[Extracted data entries]
************

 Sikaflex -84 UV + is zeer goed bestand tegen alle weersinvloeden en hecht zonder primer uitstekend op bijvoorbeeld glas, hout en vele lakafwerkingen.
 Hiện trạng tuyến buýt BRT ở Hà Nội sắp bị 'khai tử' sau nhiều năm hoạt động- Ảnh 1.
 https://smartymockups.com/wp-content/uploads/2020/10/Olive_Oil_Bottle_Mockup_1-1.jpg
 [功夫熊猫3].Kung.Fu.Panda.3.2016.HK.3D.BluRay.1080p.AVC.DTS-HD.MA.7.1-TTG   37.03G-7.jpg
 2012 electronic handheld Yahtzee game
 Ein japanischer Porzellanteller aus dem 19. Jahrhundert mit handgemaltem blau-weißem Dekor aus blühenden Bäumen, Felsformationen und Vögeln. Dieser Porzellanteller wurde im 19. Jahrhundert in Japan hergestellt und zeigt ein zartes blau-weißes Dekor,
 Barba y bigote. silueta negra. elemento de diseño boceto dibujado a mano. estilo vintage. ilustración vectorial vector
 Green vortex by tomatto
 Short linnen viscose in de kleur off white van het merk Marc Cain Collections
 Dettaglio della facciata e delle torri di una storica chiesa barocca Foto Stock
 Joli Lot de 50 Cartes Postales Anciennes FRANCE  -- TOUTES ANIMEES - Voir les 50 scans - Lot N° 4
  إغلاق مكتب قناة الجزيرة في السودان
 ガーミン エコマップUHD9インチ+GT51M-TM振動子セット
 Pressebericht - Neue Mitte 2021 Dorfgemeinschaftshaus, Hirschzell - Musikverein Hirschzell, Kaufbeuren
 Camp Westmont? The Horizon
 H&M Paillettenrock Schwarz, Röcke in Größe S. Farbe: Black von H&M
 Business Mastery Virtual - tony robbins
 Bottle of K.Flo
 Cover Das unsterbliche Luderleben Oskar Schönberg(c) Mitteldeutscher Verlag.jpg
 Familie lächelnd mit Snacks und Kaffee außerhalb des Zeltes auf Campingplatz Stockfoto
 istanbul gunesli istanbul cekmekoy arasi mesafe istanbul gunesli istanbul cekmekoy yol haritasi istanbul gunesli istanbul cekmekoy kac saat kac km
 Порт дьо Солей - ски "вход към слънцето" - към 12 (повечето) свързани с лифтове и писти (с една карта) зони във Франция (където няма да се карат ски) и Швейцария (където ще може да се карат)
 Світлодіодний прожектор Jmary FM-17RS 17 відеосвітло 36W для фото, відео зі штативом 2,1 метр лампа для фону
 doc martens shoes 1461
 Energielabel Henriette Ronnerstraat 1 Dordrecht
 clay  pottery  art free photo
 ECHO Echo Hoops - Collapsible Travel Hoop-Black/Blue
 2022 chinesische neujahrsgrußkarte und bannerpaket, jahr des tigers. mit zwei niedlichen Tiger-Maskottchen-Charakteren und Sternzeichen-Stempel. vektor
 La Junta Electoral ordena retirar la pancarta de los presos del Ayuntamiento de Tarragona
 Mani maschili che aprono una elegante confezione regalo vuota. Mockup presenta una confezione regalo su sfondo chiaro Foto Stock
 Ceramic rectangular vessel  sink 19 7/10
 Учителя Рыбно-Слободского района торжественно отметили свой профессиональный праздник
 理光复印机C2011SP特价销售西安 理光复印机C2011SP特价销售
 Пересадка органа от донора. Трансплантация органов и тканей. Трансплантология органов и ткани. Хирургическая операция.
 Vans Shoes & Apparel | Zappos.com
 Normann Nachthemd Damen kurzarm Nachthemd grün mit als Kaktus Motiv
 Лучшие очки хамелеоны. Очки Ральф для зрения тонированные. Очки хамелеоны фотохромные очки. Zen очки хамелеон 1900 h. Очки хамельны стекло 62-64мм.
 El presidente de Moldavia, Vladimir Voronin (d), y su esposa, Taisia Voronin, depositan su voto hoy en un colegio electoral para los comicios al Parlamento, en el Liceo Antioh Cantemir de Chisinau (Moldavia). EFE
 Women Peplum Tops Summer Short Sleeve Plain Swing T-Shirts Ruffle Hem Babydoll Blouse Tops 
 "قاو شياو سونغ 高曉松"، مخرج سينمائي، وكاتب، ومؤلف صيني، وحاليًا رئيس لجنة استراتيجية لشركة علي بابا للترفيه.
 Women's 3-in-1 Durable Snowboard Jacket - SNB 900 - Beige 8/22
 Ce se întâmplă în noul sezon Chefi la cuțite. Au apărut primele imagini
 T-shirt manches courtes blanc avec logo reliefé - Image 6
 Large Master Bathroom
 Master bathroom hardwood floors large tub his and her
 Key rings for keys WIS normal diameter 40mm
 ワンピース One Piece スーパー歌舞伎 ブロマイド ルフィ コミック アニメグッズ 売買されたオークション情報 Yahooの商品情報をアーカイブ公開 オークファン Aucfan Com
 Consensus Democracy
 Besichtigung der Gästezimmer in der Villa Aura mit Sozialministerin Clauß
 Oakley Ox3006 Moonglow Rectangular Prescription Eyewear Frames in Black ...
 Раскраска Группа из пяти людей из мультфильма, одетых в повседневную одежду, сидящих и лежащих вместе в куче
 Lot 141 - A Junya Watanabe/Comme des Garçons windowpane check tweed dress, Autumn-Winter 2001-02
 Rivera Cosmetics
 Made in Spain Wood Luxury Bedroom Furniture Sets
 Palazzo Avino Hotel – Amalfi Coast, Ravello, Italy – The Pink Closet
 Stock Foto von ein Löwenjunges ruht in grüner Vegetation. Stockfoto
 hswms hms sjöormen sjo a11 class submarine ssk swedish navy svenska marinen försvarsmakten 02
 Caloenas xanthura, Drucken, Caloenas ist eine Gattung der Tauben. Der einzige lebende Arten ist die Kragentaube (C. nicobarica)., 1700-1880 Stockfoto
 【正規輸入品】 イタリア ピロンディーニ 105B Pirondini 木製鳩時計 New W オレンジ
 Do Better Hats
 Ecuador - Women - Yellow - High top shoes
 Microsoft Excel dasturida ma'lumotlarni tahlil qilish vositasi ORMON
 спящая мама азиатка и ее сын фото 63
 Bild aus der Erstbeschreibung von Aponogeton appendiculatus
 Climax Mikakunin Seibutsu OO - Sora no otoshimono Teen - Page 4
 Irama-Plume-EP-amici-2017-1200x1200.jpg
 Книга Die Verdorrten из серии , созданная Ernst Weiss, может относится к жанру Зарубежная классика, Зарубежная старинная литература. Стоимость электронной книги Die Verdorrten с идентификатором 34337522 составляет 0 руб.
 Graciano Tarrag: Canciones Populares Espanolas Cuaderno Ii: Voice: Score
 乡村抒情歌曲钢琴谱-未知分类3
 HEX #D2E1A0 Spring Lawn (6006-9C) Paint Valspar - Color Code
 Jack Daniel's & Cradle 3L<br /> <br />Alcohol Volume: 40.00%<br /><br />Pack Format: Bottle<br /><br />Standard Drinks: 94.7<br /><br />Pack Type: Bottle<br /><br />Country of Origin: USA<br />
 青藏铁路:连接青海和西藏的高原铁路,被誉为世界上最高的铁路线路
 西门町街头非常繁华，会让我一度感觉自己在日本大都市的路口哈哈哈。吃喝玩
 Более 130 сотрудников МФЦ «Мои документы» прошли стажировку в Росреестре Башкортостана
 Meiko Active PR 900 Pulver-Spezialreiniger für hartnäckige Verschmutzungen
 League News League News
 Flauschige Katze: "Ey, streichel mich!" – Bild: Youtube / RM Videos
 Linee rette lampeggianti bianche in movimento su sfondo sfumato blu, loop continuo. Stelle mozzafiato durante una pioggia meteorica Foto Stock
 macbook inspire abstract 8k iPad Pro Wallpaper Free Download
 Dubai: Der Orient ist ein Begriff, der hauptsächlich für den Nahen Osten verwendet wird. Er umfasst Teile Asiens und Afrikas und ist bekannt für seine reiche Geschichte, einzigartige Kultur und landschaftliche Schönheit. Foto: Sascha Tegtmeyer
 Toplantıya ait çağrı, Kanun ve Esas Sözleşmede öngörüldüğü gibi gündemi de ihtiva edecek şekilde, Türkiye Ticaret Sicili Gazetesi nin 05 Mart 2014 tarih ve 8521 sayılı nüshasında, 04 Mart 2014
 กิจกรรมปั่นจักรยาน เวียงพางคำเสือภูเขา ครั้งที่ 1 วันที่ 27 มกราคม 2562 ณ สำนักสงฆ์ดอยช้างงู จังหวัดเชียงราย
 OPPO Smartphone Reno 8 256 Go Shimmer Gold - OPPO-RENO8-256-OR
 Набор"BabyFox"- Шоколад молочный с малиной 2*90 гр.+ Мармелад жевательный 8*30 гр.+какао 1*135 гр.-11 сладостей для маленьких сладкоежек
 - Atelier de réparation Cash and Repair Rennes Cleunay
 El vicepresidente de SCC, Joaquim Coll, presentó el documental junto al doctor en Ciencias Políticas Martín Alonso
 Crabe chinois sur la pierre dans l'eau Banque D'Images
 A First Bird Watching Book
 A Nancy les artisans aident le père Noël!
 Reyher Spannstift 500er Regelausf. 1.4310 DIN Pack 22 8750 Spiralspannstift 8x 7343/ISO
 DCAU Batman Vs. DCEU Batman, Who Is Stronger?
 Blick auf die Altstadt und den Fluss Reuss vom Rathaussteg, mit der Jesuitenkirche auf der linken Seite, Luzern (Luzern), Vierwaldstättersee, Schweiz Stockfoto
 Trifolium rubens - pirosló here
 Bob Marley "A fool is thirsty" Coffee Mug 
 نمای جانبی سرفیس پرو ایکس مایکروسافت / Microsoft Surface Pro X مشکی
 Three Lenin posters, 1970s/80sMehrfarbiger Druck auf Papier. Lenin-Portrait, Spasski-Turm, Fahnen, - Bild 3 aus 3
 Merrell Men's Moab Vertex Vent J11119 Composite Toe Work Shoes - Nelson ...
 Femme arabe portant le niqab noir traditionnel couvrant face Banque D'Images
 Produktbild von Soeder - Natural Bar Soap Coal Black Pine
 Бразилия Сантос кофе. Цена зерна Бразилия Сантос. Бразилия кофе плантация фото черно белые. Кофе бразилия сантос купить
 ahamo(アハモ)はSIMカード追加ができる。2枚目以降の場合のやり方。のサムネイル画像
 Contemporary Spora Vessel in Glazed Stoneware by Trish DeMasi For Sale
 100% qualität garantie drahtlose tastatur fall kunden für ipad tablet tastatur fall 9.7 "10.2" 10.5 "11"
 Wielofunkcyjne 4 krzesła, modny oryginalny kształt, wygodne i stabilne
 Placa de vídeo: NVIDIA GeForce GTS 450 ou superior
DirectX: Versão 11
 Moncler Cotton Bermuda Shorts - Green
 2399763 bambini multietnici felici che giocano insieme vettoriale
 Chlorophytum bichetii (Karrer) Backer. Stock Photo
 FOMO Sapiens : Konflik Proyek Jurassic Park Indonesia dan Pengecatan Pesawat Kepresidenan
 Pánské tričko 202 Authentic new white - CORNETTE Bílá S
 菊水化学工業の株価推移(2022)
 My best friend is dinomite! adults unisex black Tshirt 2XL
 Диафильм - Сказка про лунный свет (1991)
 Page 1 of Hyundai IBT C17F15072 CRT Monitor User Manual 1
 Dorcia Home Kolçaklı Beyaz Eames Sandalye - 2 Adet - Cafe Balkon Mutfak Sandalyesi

************

- INSTRUCTIONS TO FOLLOW
Up to and including the line with "Hiện trạng tuyến", repeat the data exactly, starting from its first line; nothing else belongs in the response.

- REPLY
 Sikaflex -84 UV + is zeer goed bestand tegen alle weersinvloeden en hecht zonder primer uitstekend op bijvoorbeeld glas, hout en vele lakafwerkingen.
 Hiện trạng tuyến buýt BRT ở Hà Nội sắp bị 'khai tử' sau nhiều năm hoạt động- Ảnh 1.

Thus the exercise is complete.